Но полицейские, и в самом деле, остаются собой даже за гробовой доской. В просьбе Гельмута нет ничего непристойного и странного, это верно. Ничего, кроме одного: причины возникновения.
— А почему ты сам не хочешь составить компанию сестре?
— Э… — Второе признание далось Кёне еще труднее первого. — Меня туда и на порог не пустят.
«Лицемерные снобы… Сами, небось, по молодости наделали кучу ошибок, только теперь тщательно это скрывают и морщат носы, когда видят того, кто может догадываться или знать… Нет, мне туда нельзя даже показываться.»
— Из-за твоей… деятельности?
— Угу.
«Жаль, что я не остановился, ведь еще можно было все вернуть, все сделать чинным и благородным… И не пришлось бы сейчас просить чужого человека позаботиться о сестренке.
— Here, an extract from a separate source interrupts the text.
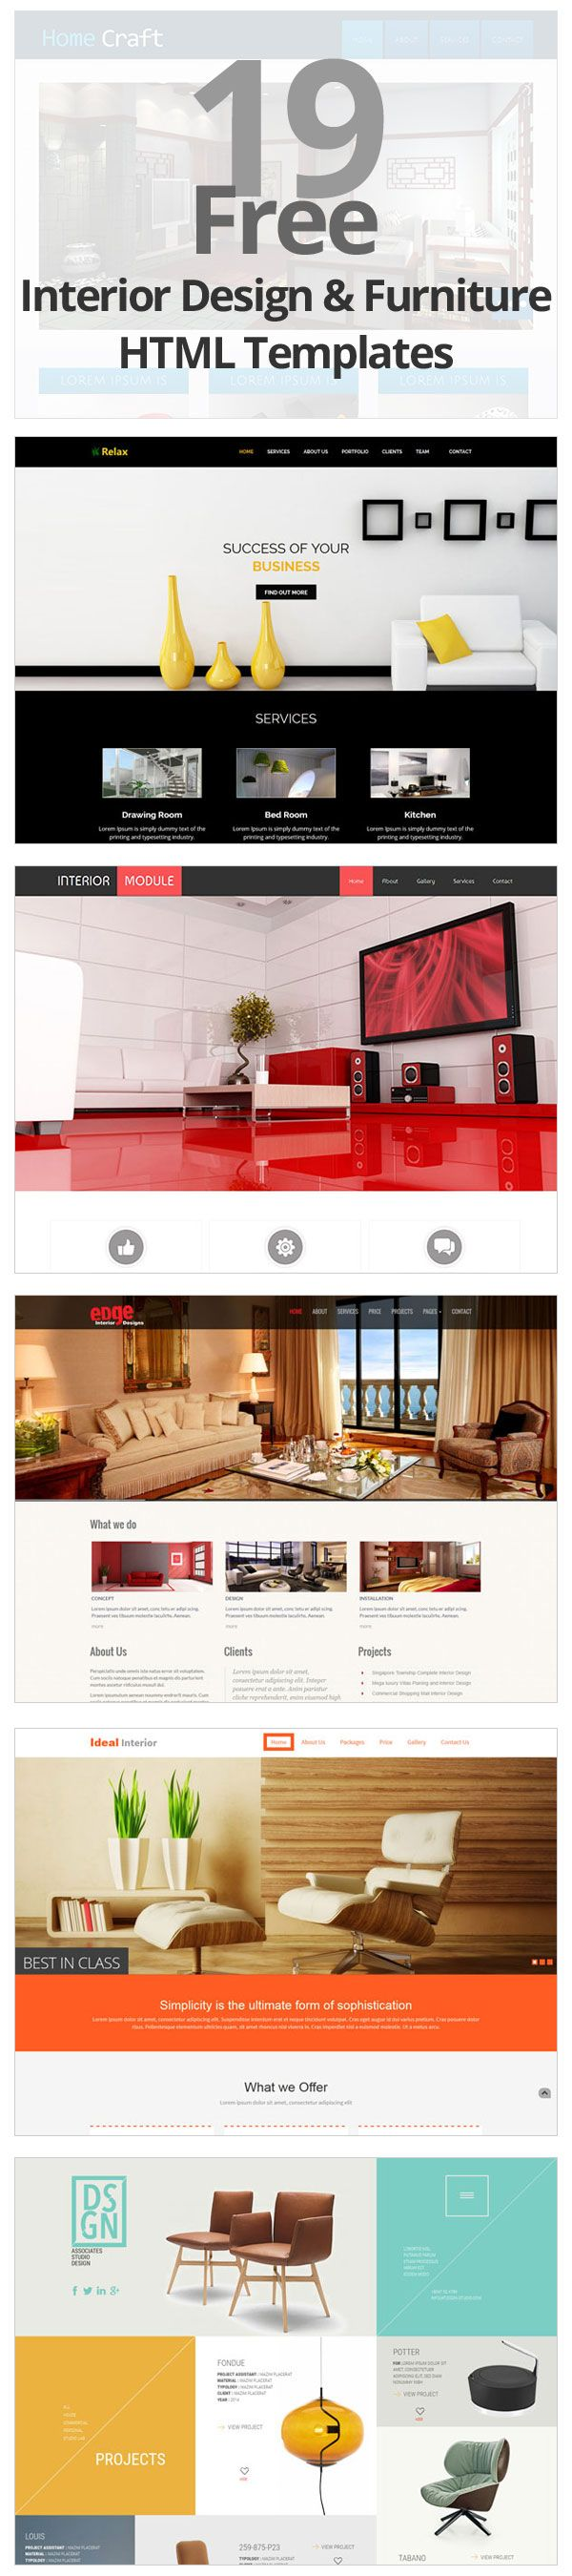 19 Free Interior Design and Furniture Website Templates

Если бы он знал, как это унизительно… Не для него, для меня. И ведь наверняка думает сейчас: вот дурень, сам виноват в собственных трудностях. Да, виноват. Но я не мог поступить иначе ни тогда, ни сейчас! Потому что я такой, какой есть. И буду оставаться собой, неважно, сколького или скольких это может мне стоить…»
А вот сейчас мне следовало бы встать и съездить Гельмуту по лицу. Нет, не так. Провести серию не смертельных, но болезненных и обидных ударов, сломать нос, разбить губы, рассечь брови. У меня получилось бы, уроки бокса все еще не забыты. Но я остаюсь сидеть на месте, поглаживая прохладный бок пивной кружки.
Почему?
Потому что Гельмут имеет право так думать. И что самое трагичное, он имеет право поступать в полном соответствии с собственными мыслями.
— Хорошо. Значит, завтра?
— Ты не сменил номер?
— Нет, номер прежний.
— Агата созвонится с тобой где-нибудь после обеда, идет?
— Буду ждать звонка.
Он почувствовал холод, накрывший мои мысли. Не знаю, как, но почувствовал, и сморозил еще большую глупость, чем можно было предположить:
— Этот долг останется за мной, Штайни. На всю жизнь. И знаешь…
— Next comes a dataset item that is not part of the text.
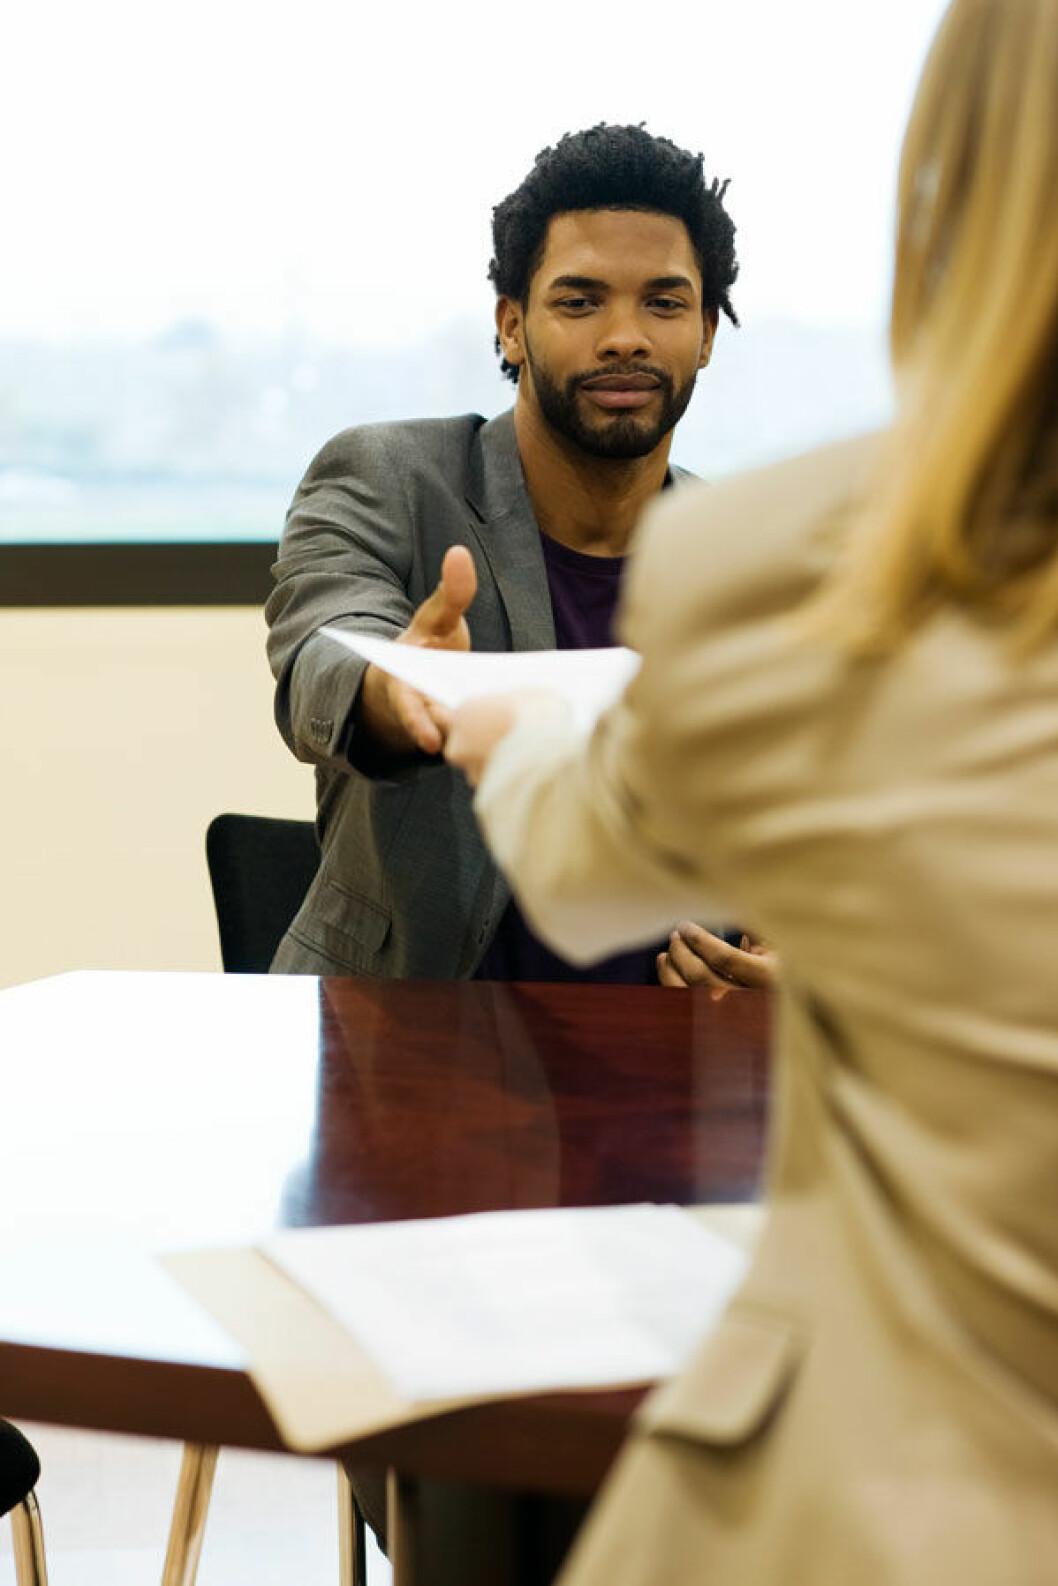 Jobbintervju-bord

Я уже догадывался, чем закончится эта логическая цепочка. Но чтобы облегчить участь Гельмута, спросил:
— Что?
— Если Агата тебе понравится, а ты понравишься ей, я ничего не буду иметь против… В-общем, ты понял.
— Спасибо.
А что еще можно сказать? Как бы то ни было, мне оказана честь: старший брат дал свое благословение нашему возможному совместному будущему. И я даже могу радоваться, потому что троица: «Киндер. Кюхе. Кирхе» свято чтится женщинами рода Кёне, а стало быть, супруга из Агаты получится замечательная. Но во мне упрямства не меньше, чем в моем знакомом, и предлагаемый «династический брак» вызывает отторжение самой мыслью о своем осуществлении. Хотя… Сначала все-таки надо взглянуть на девушку, как советуют мне мои немецкие гены.
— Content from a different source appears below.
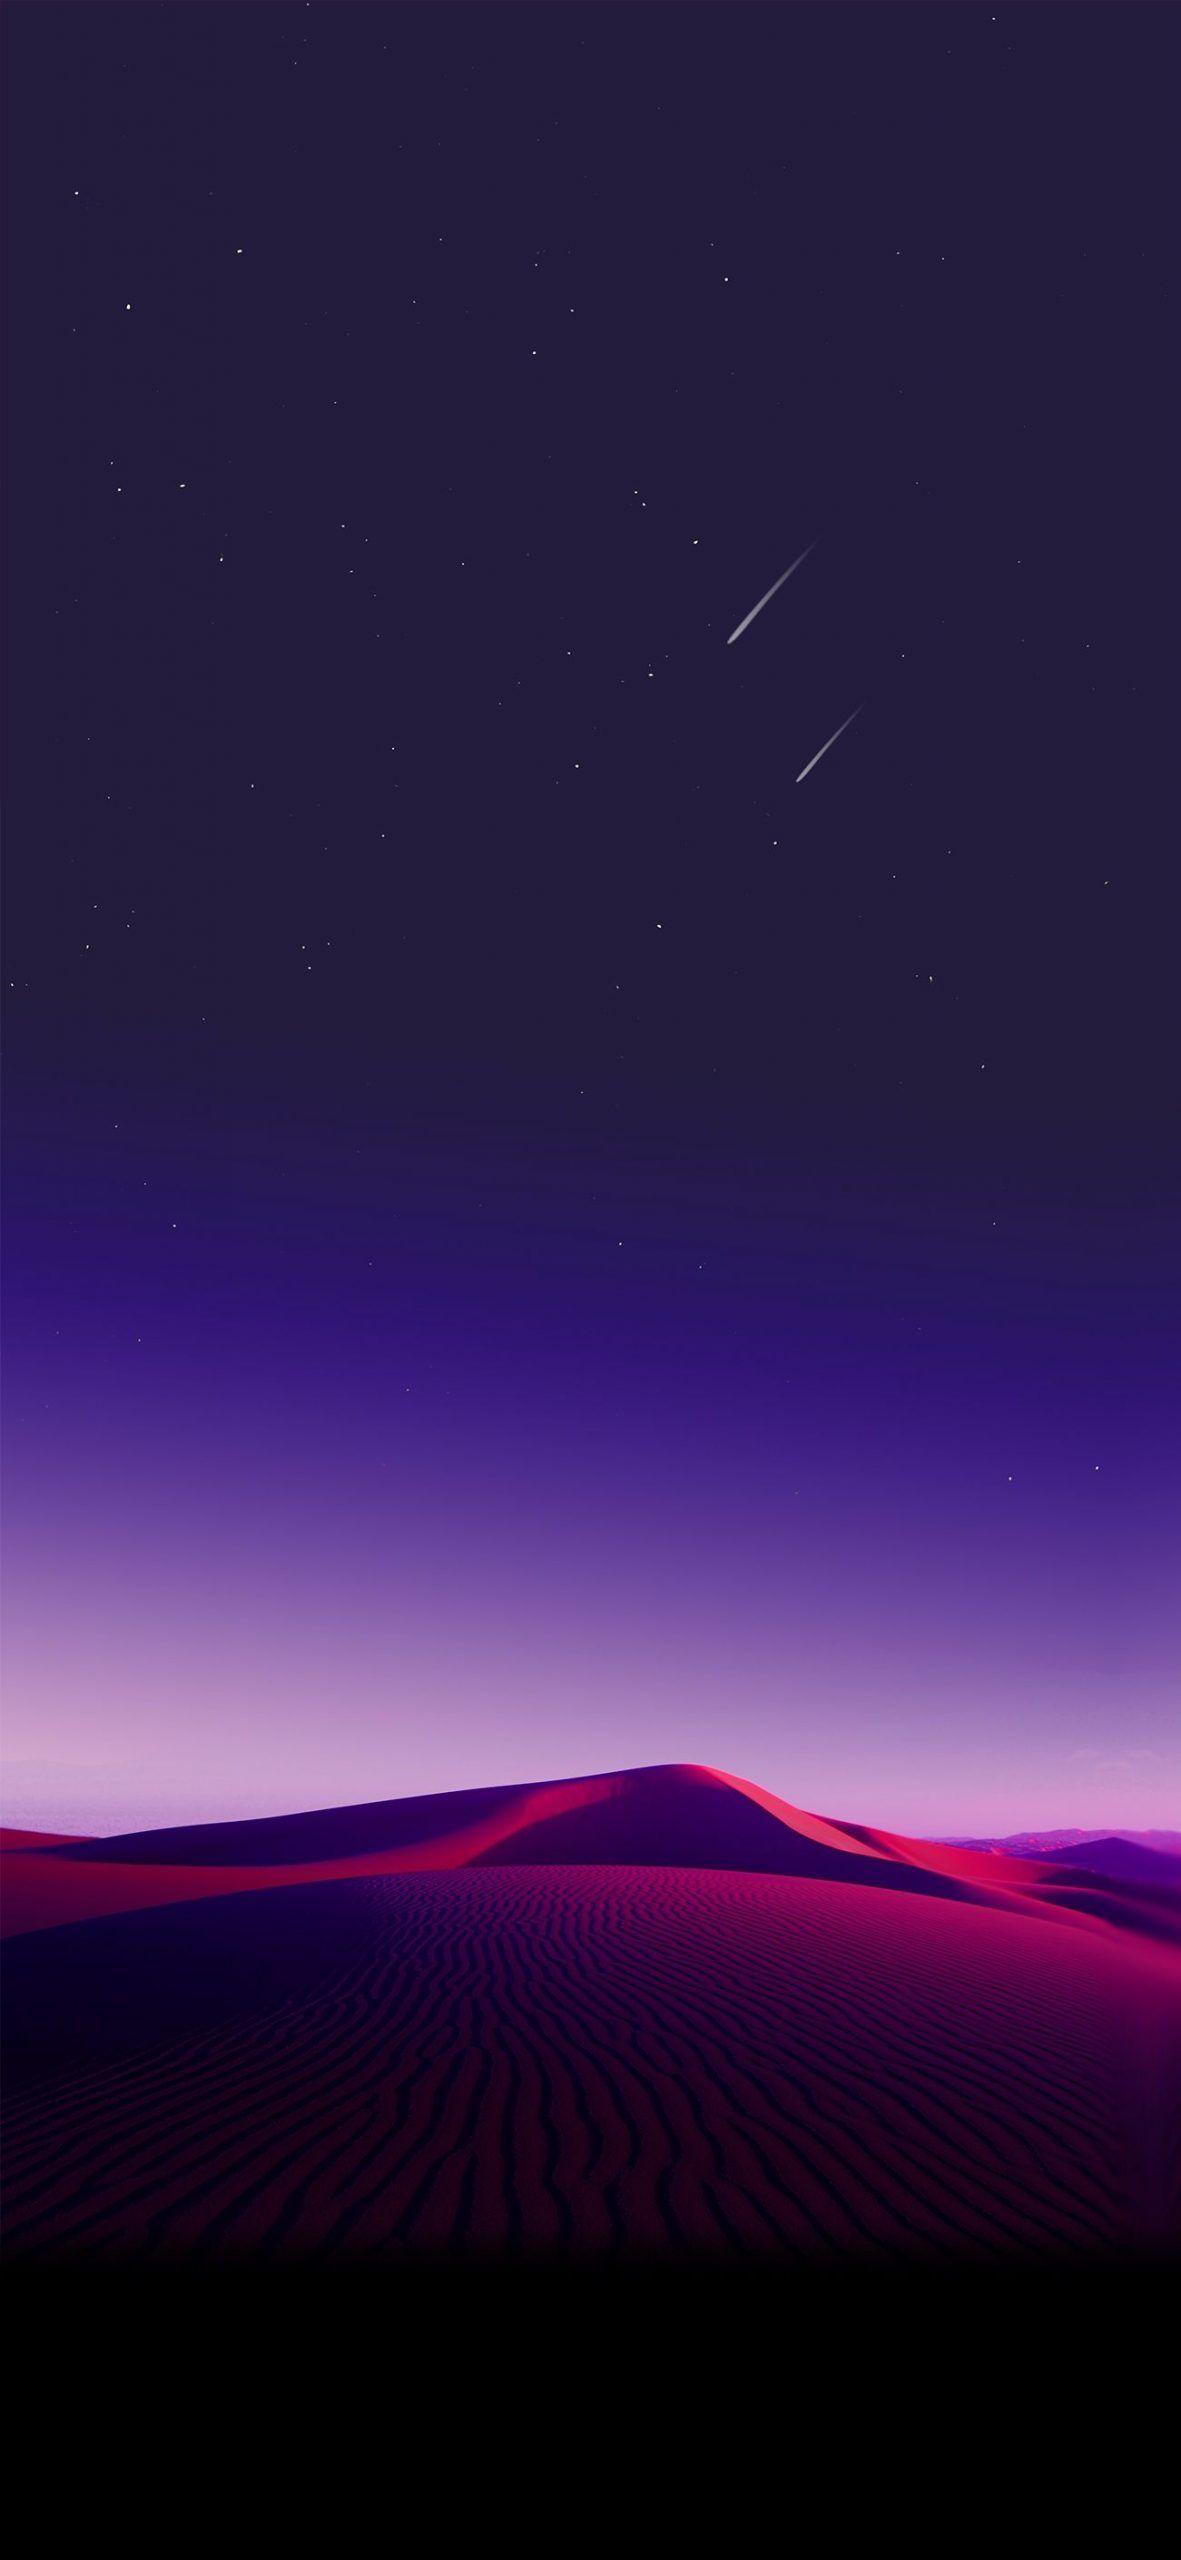 Gradient Sky Desert IPhone Wallpaper Scaled - IPhone Wallpapers

Пока я переваривал все услышанное и
— Извини, я, и правда, тороплюсь. Куча дел.
— Конечно.
— Останешься здесь?
— Да, допью пиво: жаль бросать на половине.
Он встал из-за стола, дернул губами, словно собирался напоследок сказать что-то важное, но передумал и ограничился привычным:
— До встречи!
— До встречи, — я отсалютовал кружкой вслед Гельмуту, пробирающемуся к стойке через плотную группу невесть откуда взявшихся любителей выпить и закусить.
Сейчас он положит перед фрау Гертой несколько купюр, общий номинал которых значительно превышает стоимость выпитого нами «Хохенхофа» и, наклонившись поближе к уху хозяйки, тихо попросит выставить мне «за счет заведения» еще пару-тройку кружек чего-нибудь забористого. А фрау Герта непременно согласится и добавит в чужую просьбу своего душевного ко мне расположения, отправившись в погреб к самым дальним бочонкам…
Да, так и будет. Мне даже не нужно
— Ай-яй-яй, молодой человек! Еще так рано, а вы уже погрузились в сумерки размышлений… Нехорошо нарушать каноны мироздания. Для принятия решения отведено утро, для действий — день, вечером подводятся итоги, а ночью… Ночь служит отдохновением и душе, и телу. Хотя многие из нас не прочь заставить тело немного потрудиться и после захода солнца!
Дребезжащий расшатавшимся в раме стеклом и одновременно шуршащий сухими осенними листьями, голосок миста Олдмэна был знаком мне так давно, что иногда в голову приходила совершенно шальная мысль о присутствии старичка в моей жизни с самого мига зачатия. Но я совсем не ожидал встретить его в заведении фрау Герты, потому что время, как было верно подмечено, слишком раннее.
— Доброго вечера.
— И вам, молодой человек, и вам! Только судя по строгой складке бровей, вы полагаете наступающее время суток вовсе не добрым, а обладающим противоположными свойствами характера.